Search code examples
pythonoperating-systemforksystem-callscycle

Understanding forking within a for loop


I'm learning multiprocessing in Python and I'm having some trouble visualizing os.fork() in my mind. I get the general cases that are thrown around the website, but I'm really having a hard time with this one.

Code is as follows:

import os

for i in range(2):
    pid1 = os.fork()
    pid2 = os.fork()
    if (pid1>0):
            print("A")
    if (pid2==0):
            print("B")

What I know is that 10 As and 10 Bs are printed. I've messed around with print() to find out what the process tree would look like, and I found that it matches my original idea, something like this:

This diagram represents behaviour of the code, where "type" just means if they came from either a "pid1" or a "pid2" line. Green circles represent the first iteration of the cycle, and blue cirles represent the second. Using this diagram I can account for the 10 Bs printed, given that there are 10 processes of type 2 and each one of those prints B. Where I'm having trouble is in understanding which ones print A. Thanks in advance.


Solution

  • This is a tricky problem. The easiest way to think about this is iteratively. The first iteration, how many processes do we have at the beginning? One. How many at the end? Four. Hopefully that's self-explanatory based on how fork works. Let's calculate how many "A"s should be printed when we start with one process in a single iteration.
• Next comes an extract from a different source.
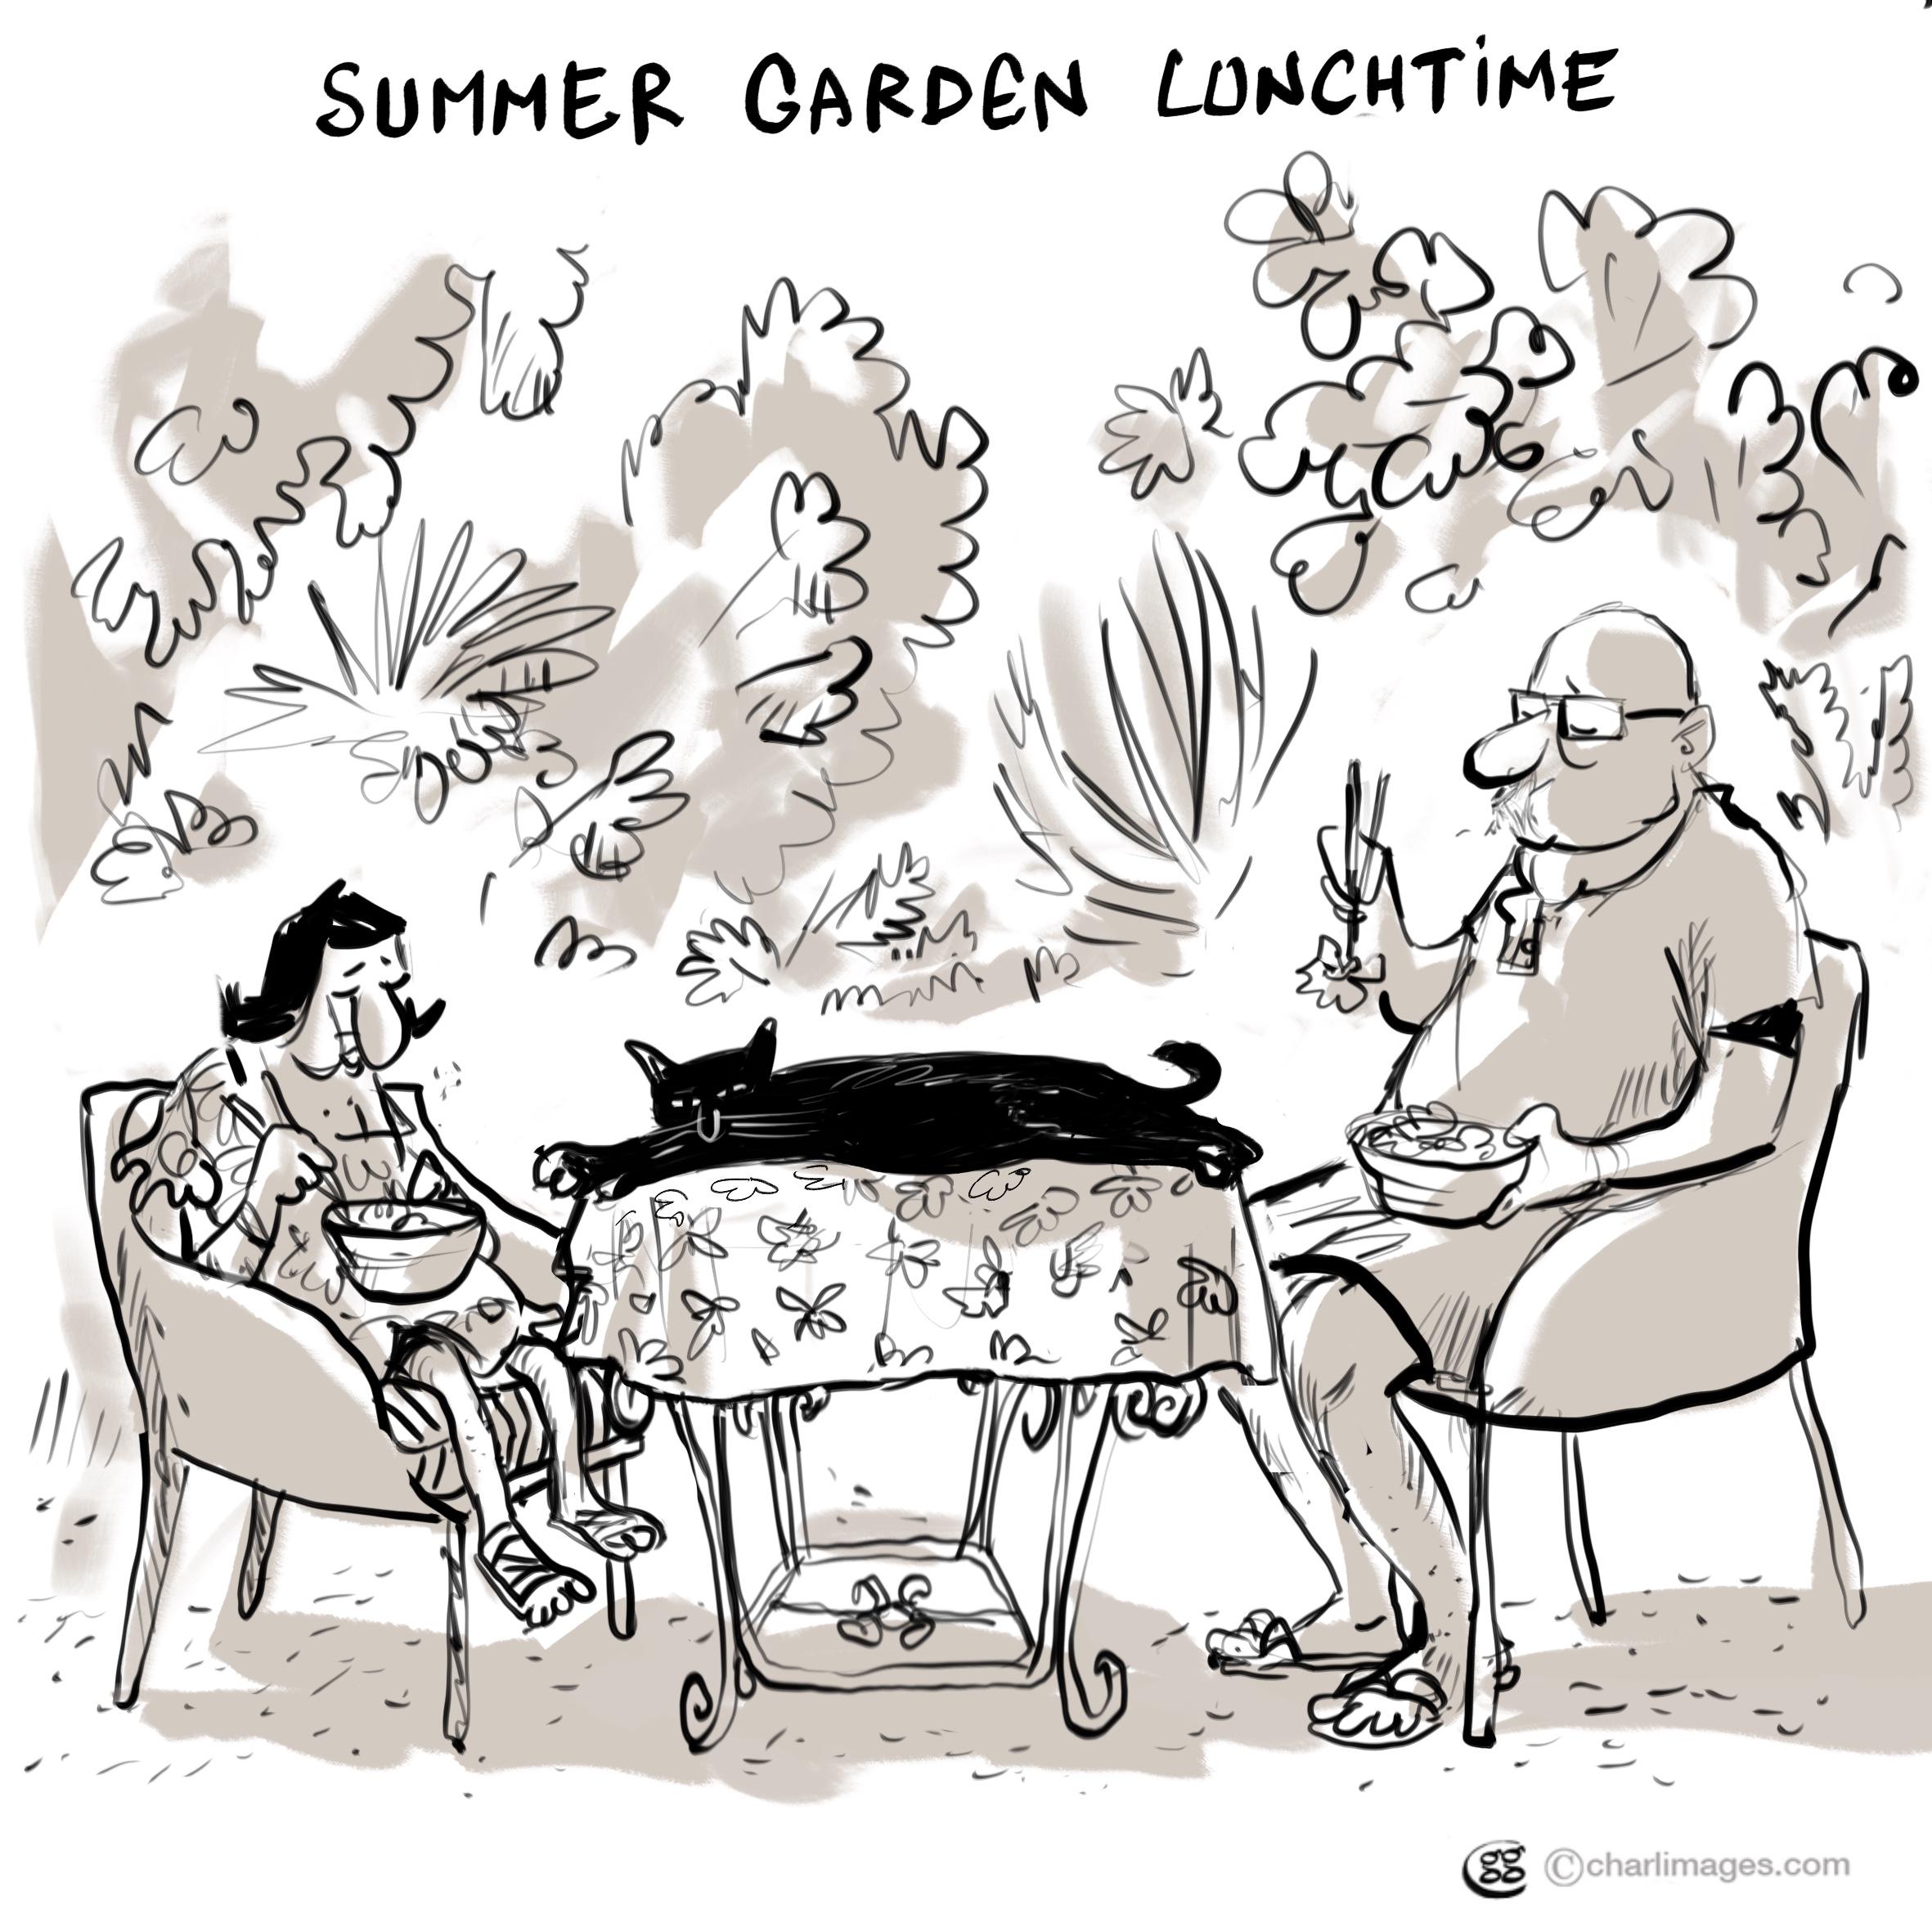 Summer garden lunchtime

    Now, I like to think of pid1 and pid2 as "genes", which are sometimes carried over into the child process. For instance, in the first fork, the parent will hold pid1 > 0, the child will hold pid1 == 0. But the second fork, the next generation of children will "inherit" the same values of pid1 as their parents because we don't modify pid1 in the second fork, just pid2.

    So, if we just look at pid1, how many of our 4 processes at the end of iteration one will have pid1 > 0? Only two: the original parent of the first fork and the second child of that parent from the second fork who inherited its pid1 value. Therefore this iteration, only two "A"s will be printed.

    Now, the second iteration, we start off with 4 processes, but the key is each one of those 4 processes will go through the same iteration described above. We already know how many "A"s will be printed per starting process. In a single iteration, one starting process ended up printing two "A"s, the second iteration will result in 8 "A"s printed if each of the 4 starting processes go through one iteration.

    So in total, how many "A"s printed? Two in the first iteration, and eight in the second iteration. That means you should see 10 "A"s printed out for this program.